• **PROMPT**
Return the data below unaltered, but strip out the pictures.

• **DATA SEGMENT**

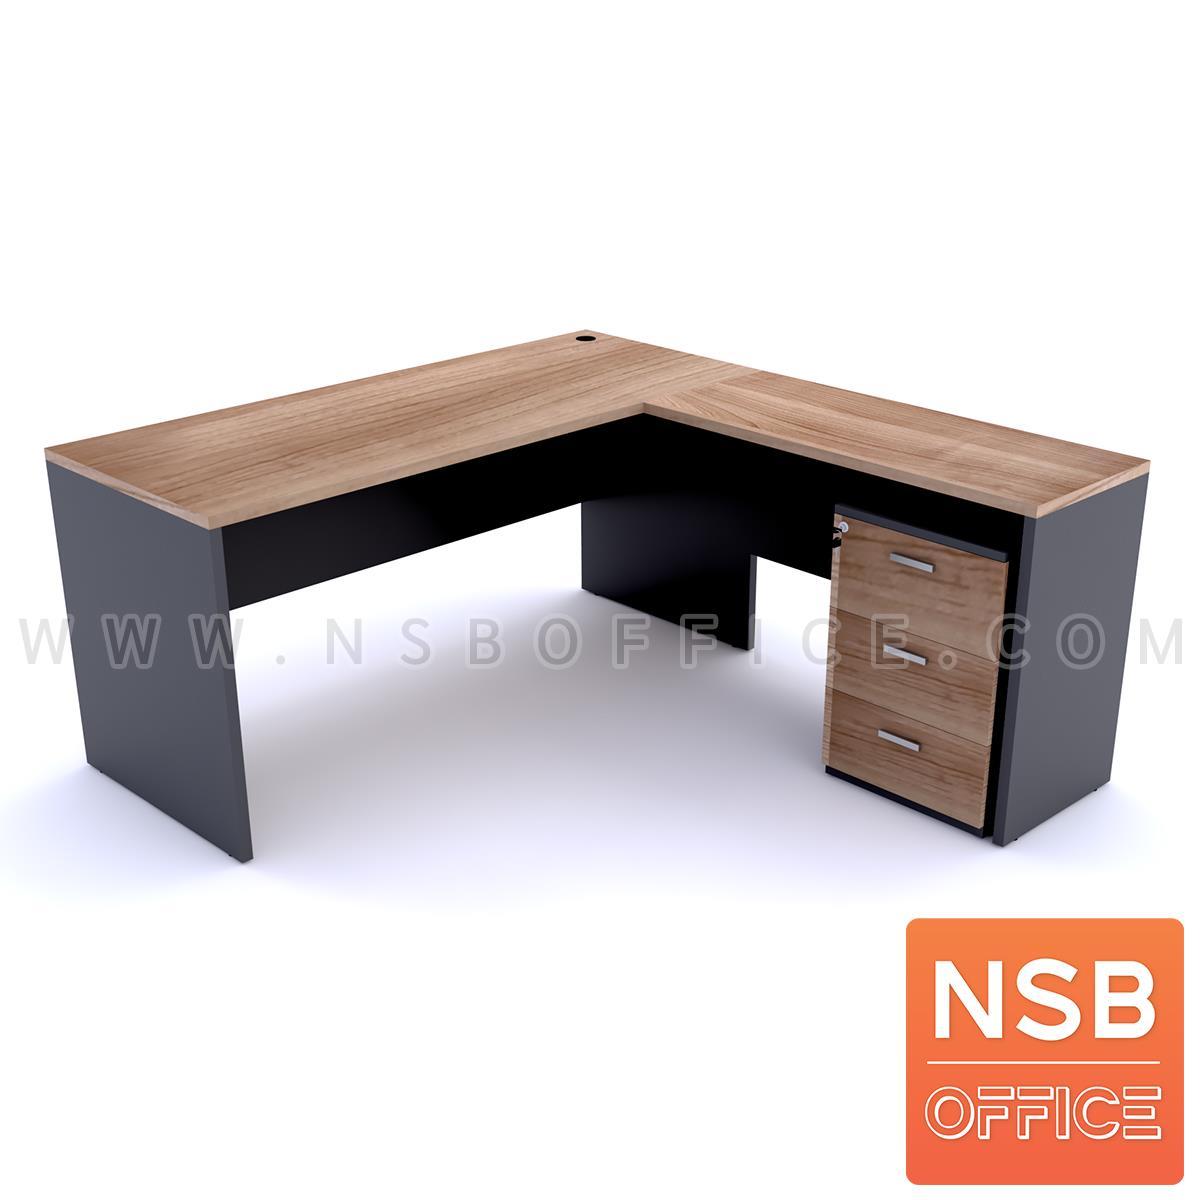 โต๊ะทำงานตัวแอล รุ่น Orianna (โอเรียนน่า) ขนาด 150W*160W/180W*160/150W*175W/180W*175 cm.
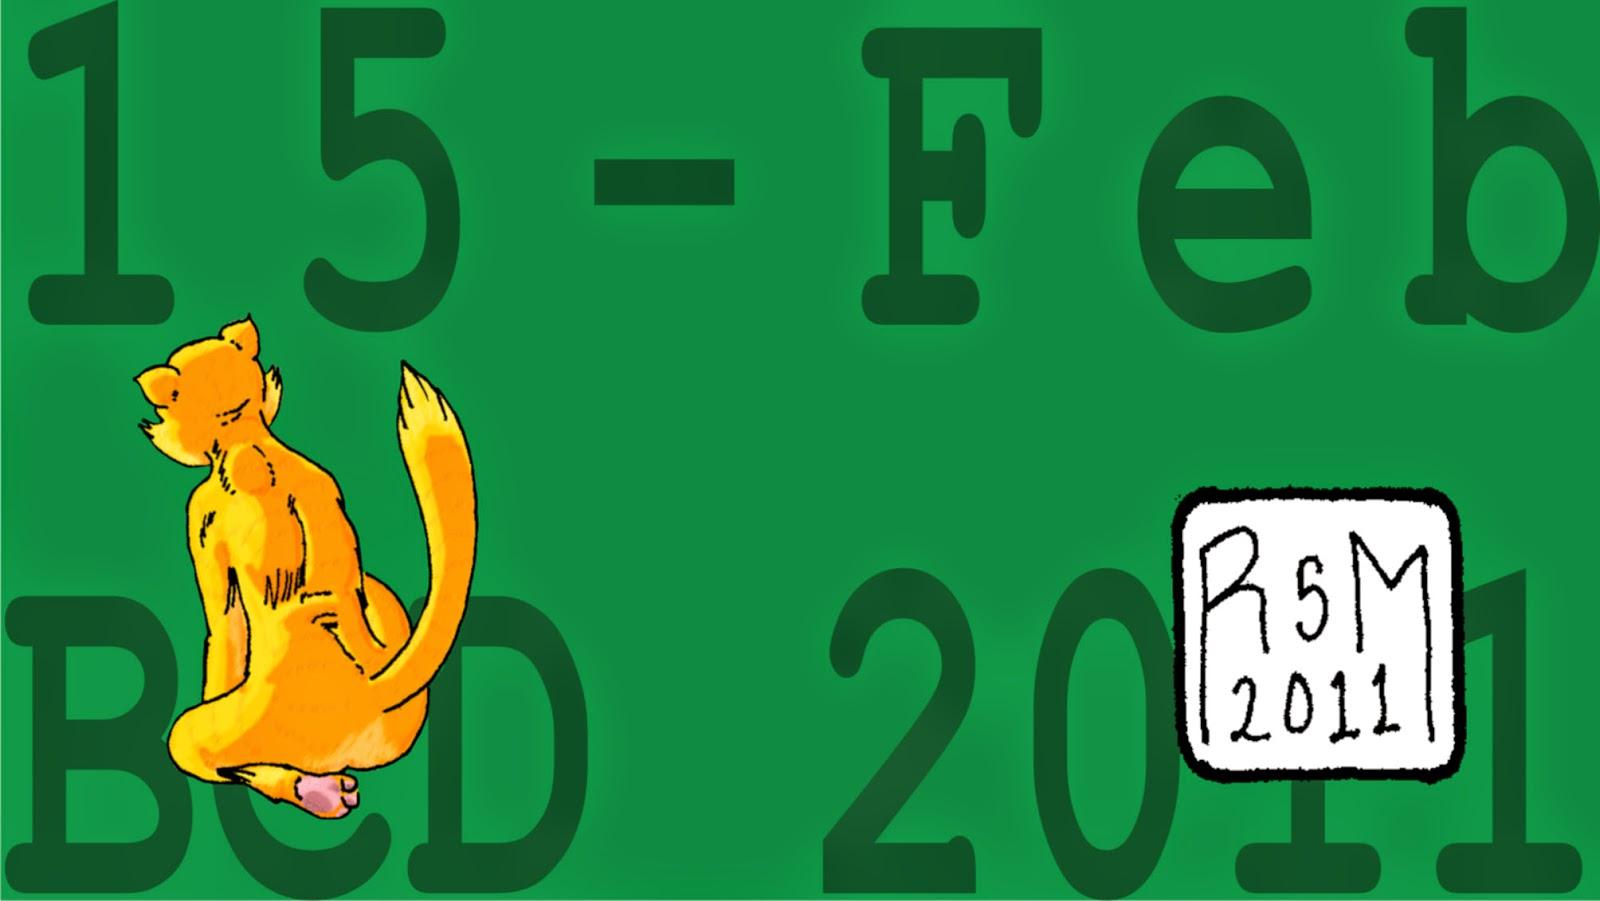 2011+banner.jpg
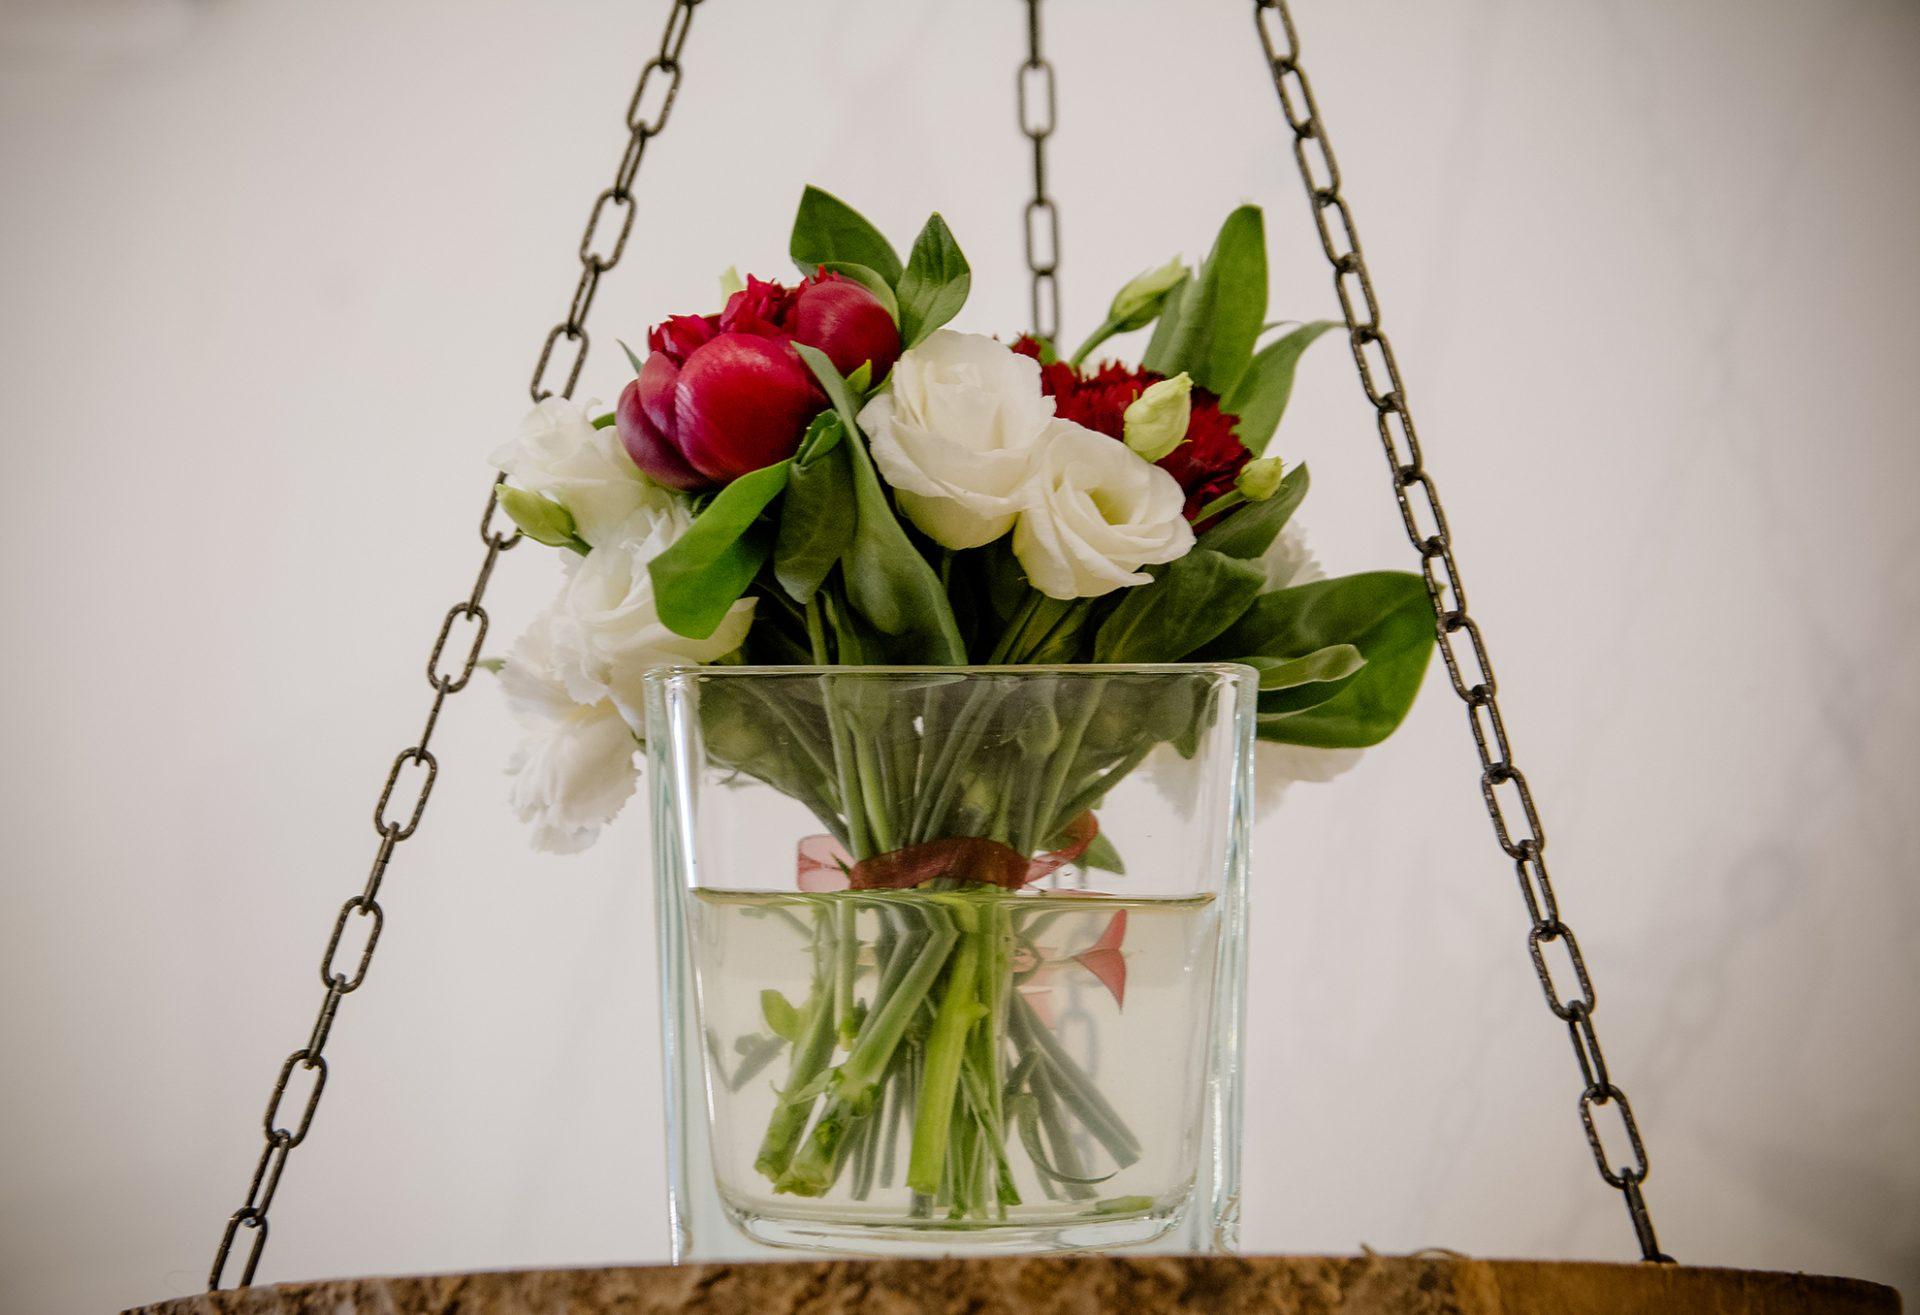 composizione vaso in vetro

• **OUTPUT**
 โต๊ะทำงานตัวแอล รุ่น Orianna (โอเรียนน่า) ขนาด 150W*160W/180W*160/150W*175W/180W*175 cm.
 2011+banner.jpg
 composizione vaso in vetro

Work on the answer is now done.